My basis for these movies are not super deep or profound, much like Chick Flicks themselves, I’m simply stating why these films were either laugh out loud hilarious or why they should be avoided like the plague. See The Best and Worst Chick Flicks of 2010 – Part 1  

5. Dear John
While handsome soldier John, (Channing Tatum) is home on military leave he falls madly in love with Savannah, (Amanda Seyfried) on her college break. John and Savannah spend two weeks together and are in love! Savannah is a bit of a do-gooder right, so much so that she marries some dude with cancer while John is gone to “take care of him” But then go figure, he dies. Luckily she is so still “madly in love” with John when he gets back so they can lead you to believe they still end up together… So my main problem with the movie? Well, everything really. (Buy)


4. You Again
Wow, how boring can a movie be!?!? A once unattractive and unpopular, but now beautiful and successful Marni (Kristen Bell) receives news that her brother and best friend are engaged.
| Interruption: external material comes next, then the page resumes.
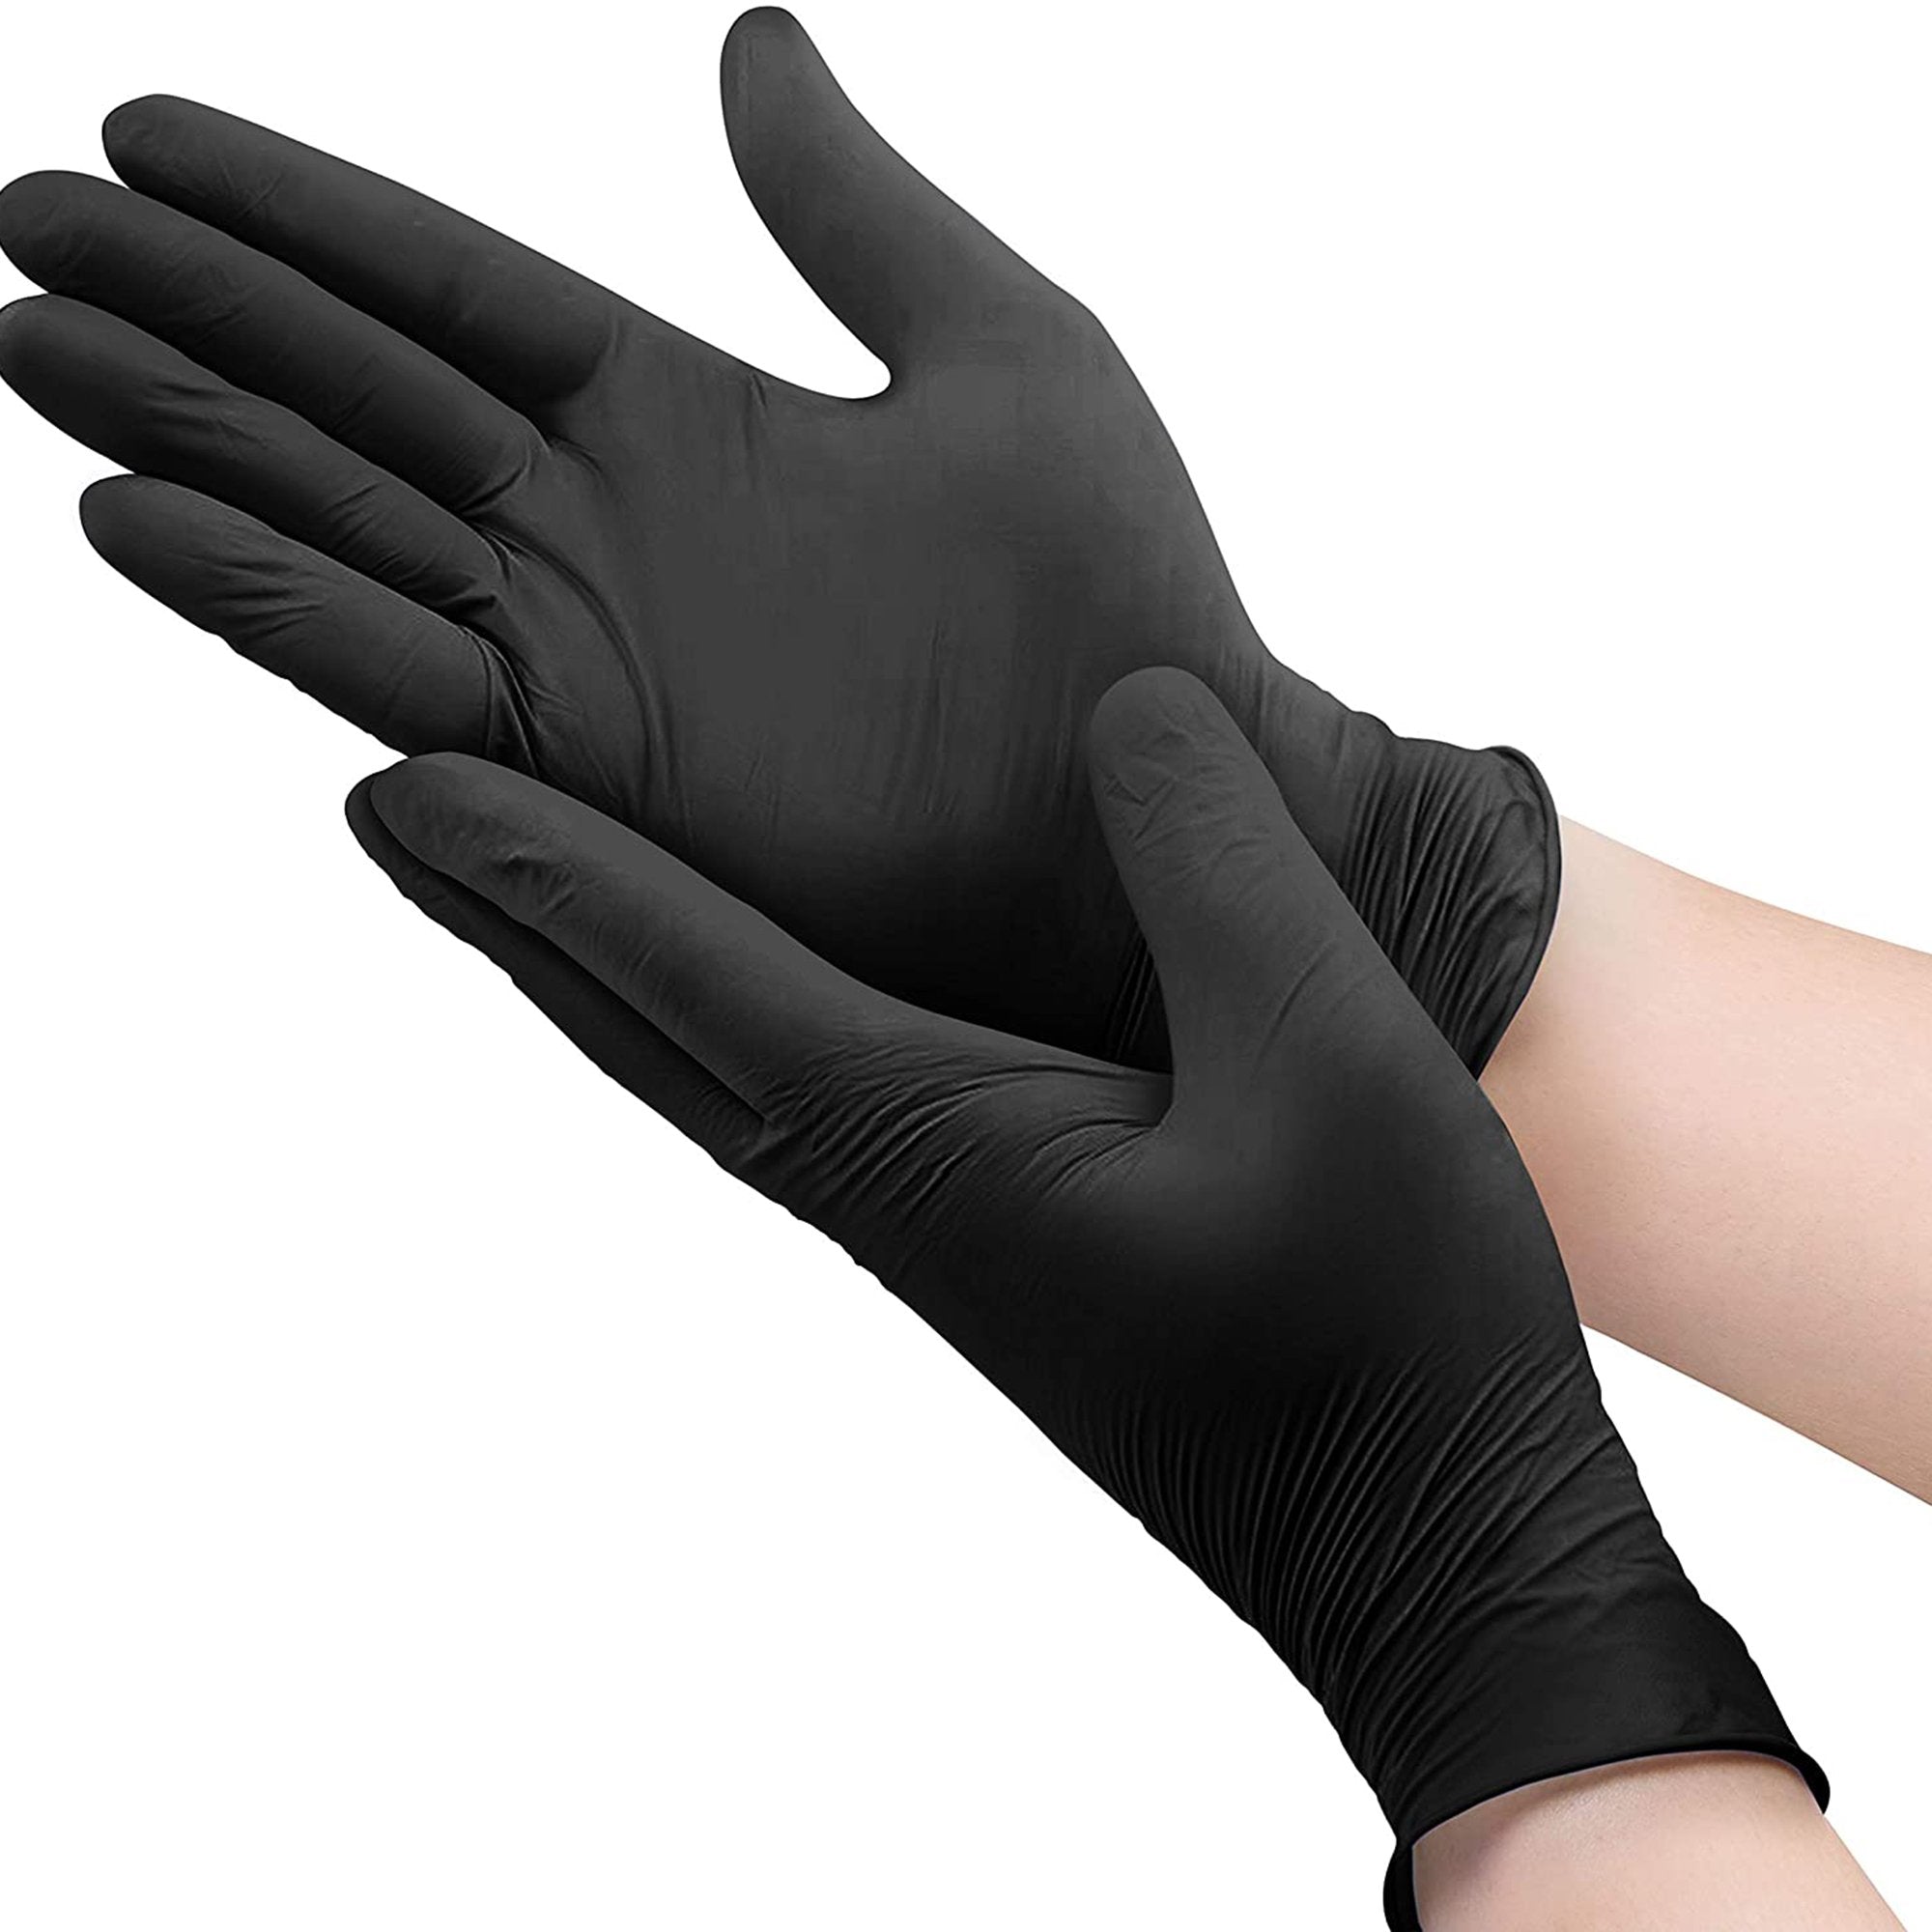 Exam Glove MICROFLEX MidKnight Touch 93-734 Medium NonSterile Nitrile Standard Cuff Length Textured Fingertips Black Not Rated
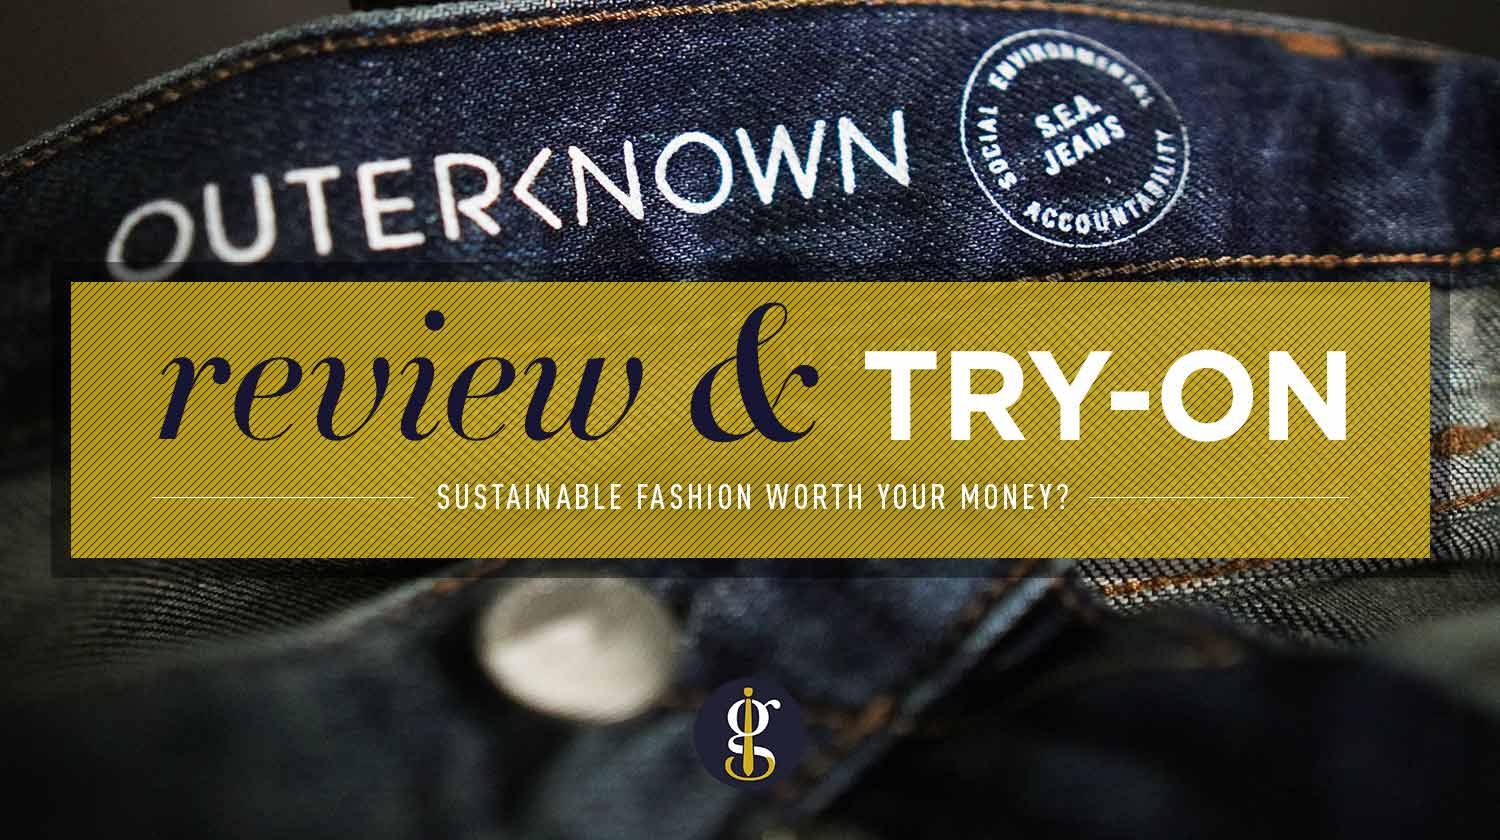 Outerknown Review for Men (Sustainable Fashion Worth Your Money?)

Thrilled, Marni flies home for the wedding, where she learns that her sister-in-law to be  J.J., (Odette Yustman)  is in fact her high school nemesis who made her life a living Hell. While Marni tries everthing to sabotage the wedding there is yet another battle going on. Marni’s mother Gail (Jamie Lee Curtis) and Ramona, (Segourney Weaver)  J.J.’s aunt were also high school enemies. I have never been so bored in my whole movie going career. It drags on for a full 105 minutes, not that long you might say?? Yes, it is!  (Buy)

3. Valentine’s Day
How many stars can you shove into a movie? Apparently so many that you can ruin one. The movie focused so much on trying to show you how many big names they had, (even the poster was just a bunch of face shots) they never even bothered to developed a story with a single character. I can’t even tell you what it was about… there were too many stories in the movie to tell you the story. How bad of a chick flick is it when at the end of the movie you have no idea who the main character was? Who was it anyway? If you can tell us you get a prize, cause we still don’t know. In the end no story or character was ever developed for more than 15 minutes and you ended up not caring about anyone.  (Buy)

2. The Last Song
Yet another sappy Nicholas Sparks movie, where someone dies and everyone is sad. We also learn that Miley Cyrus can’t act in a movies either. A troubled Veronica “Ronnie” Miller (Miley Cyrus) goes to stay with her dad for the summer. There is a big brainless love story of while Ronnie falling in love with some guy then breaks up with him, then go figure, gets back together with him by the end. Oh yeah, he’s rich and his family doesn’t like her, but we’ve never seen that in any Nicholas Sparks book ever, right? So yeah… don’t watch it… it sucks.  (Buy)

1. The Back-up Plan
Can you say awkward?!?! As stated in my review on this site this is quite literally the worst movie of all time. Let’s just say… baby pool birthing scene… enough said… if you really wanna know more, you can read my previous feature here(Buy)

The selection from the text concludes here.